5.Role of bispectral index monitoring in Intensive Care Unit mechanical ventilation patients: a Meta-analysis
Zirong TONG ; Bin XU ; Weijuan YANG ; Lin ZHAO
Chinese Journal of Neuromedicine 2018;17(11):1137-1142
Objective To use Meta-analysis to compare the roles of bispectral index (BIS) monitoring and subjective rating scale in Intensive Care Unit (ICU) mechanical ventilation patients, and to provide a reference for selecting better sedation assessment tools in clinical practice. Methods Randomized controlled trials in ICU mechanical ventilation patients were collected from Scopus, Web of Science, PubMed, CNKI, Cochrane Library, VIP, WanFang Date, and CBM from database establishing to 2018 by BIS monitoring. The literatures were selected according to inclusion and exclusion criteria, data were extracted and the quality of the trials was evaluated. Meta-analysis was performed using RevMan5 software. Results Eleven randomized controlled studies were screened out. The total sample had 1354 cases, including 664 in the BIS group and 690 in the subjective rating scale group.
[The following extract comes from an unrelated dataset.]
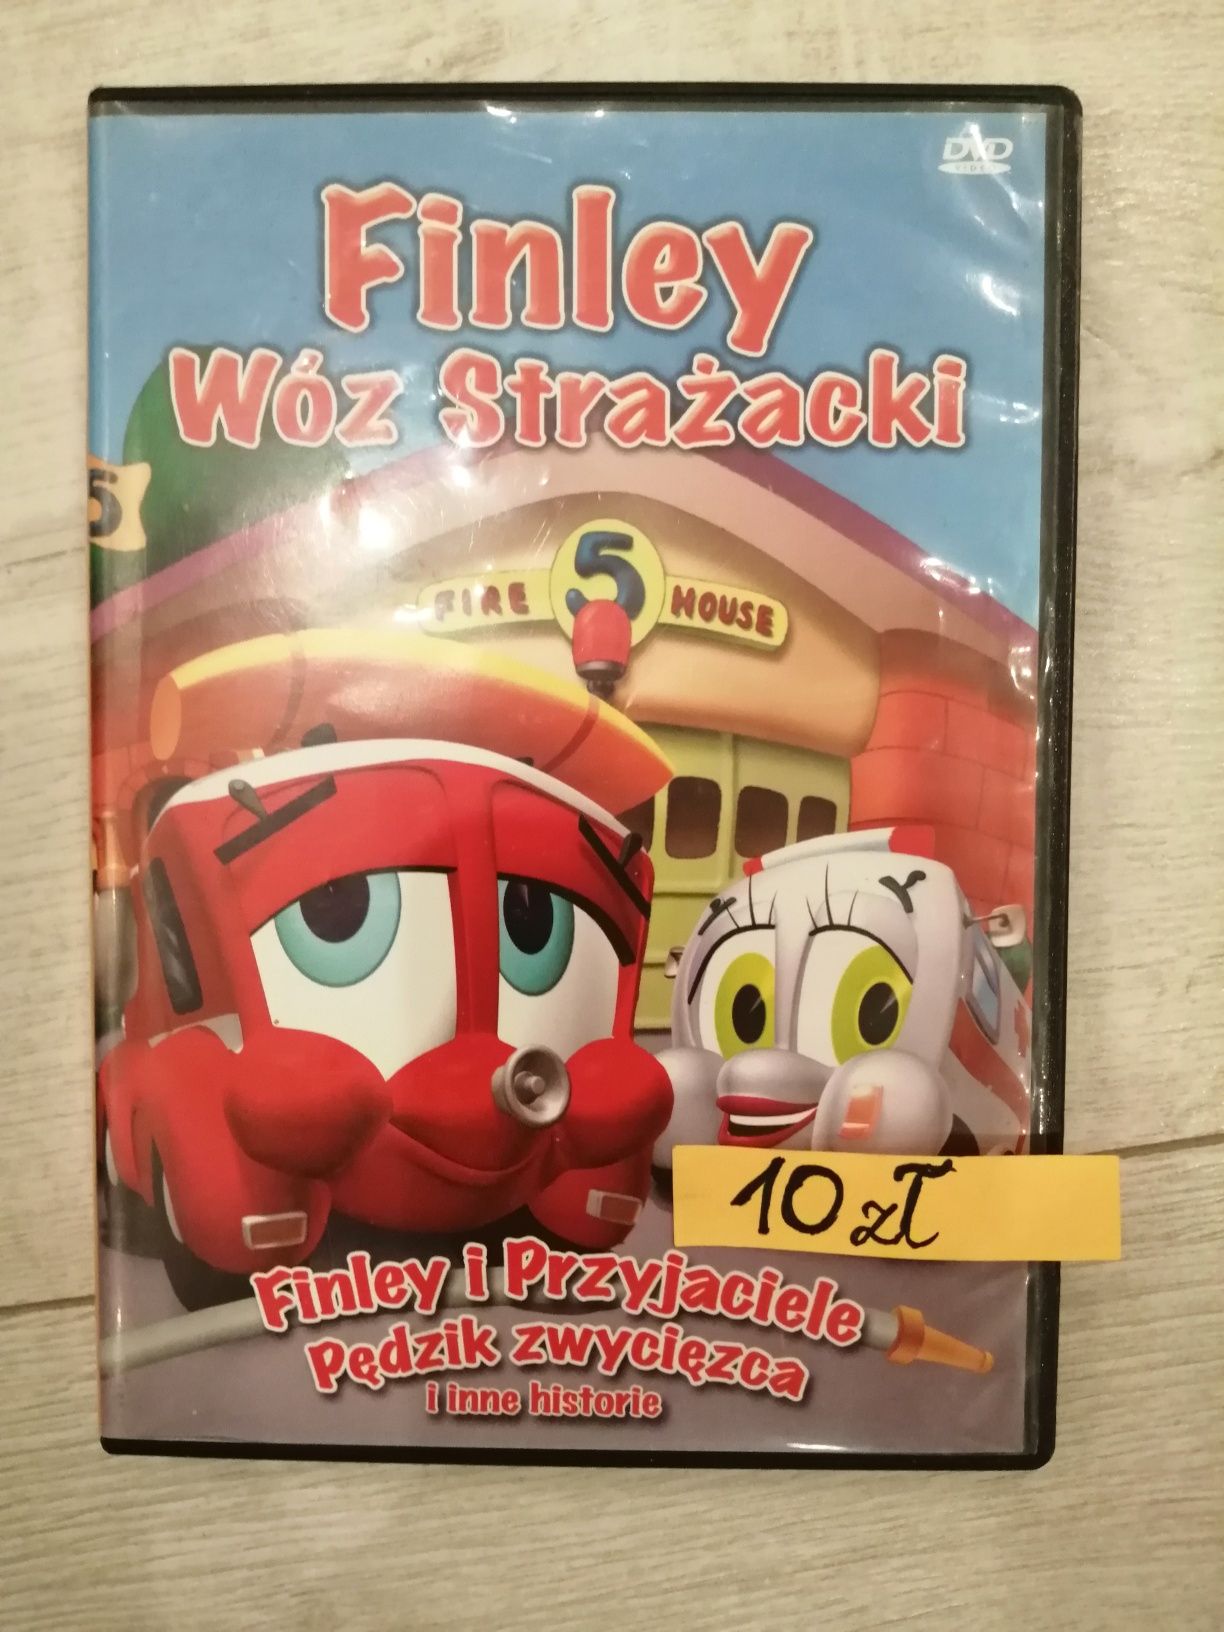 Bajka na DVD Finley wóz strażacki

Meta-analysis showed that sedative drug use (standardized mean difference [SMD]=0.28, 95%CI: -0.20-0.76), duration of sedation (mean difference [MD]=0.84, 95%CI: 2.00-3.67), arousal time after discontinuation (MD=-6.20, 95%CI: 19.76-7.35), mechanical ventilation time (MD=-0.33, 95%CI:-1.20-0.54]), ICU hospitalization stay (MD=-0.82, 95%CI: -3.94-2.30), and mortality (odds ratio [OR]=0.83, 95%CI: 0.52-1.32) showed no significant differences between the two groups (P>0.05). The incidence of unplanned extubation in the BIS group (OR=0.20, 95% CI: 0.10-0.42) was significantly lower than that in the subjective rating scale group (P<0.05). Conclusion There is currently insufficient evidence to show that BIS monitoring is superior to subjective rating scale in sedative drug use and disease prognosis in ICU mechanical ventilation.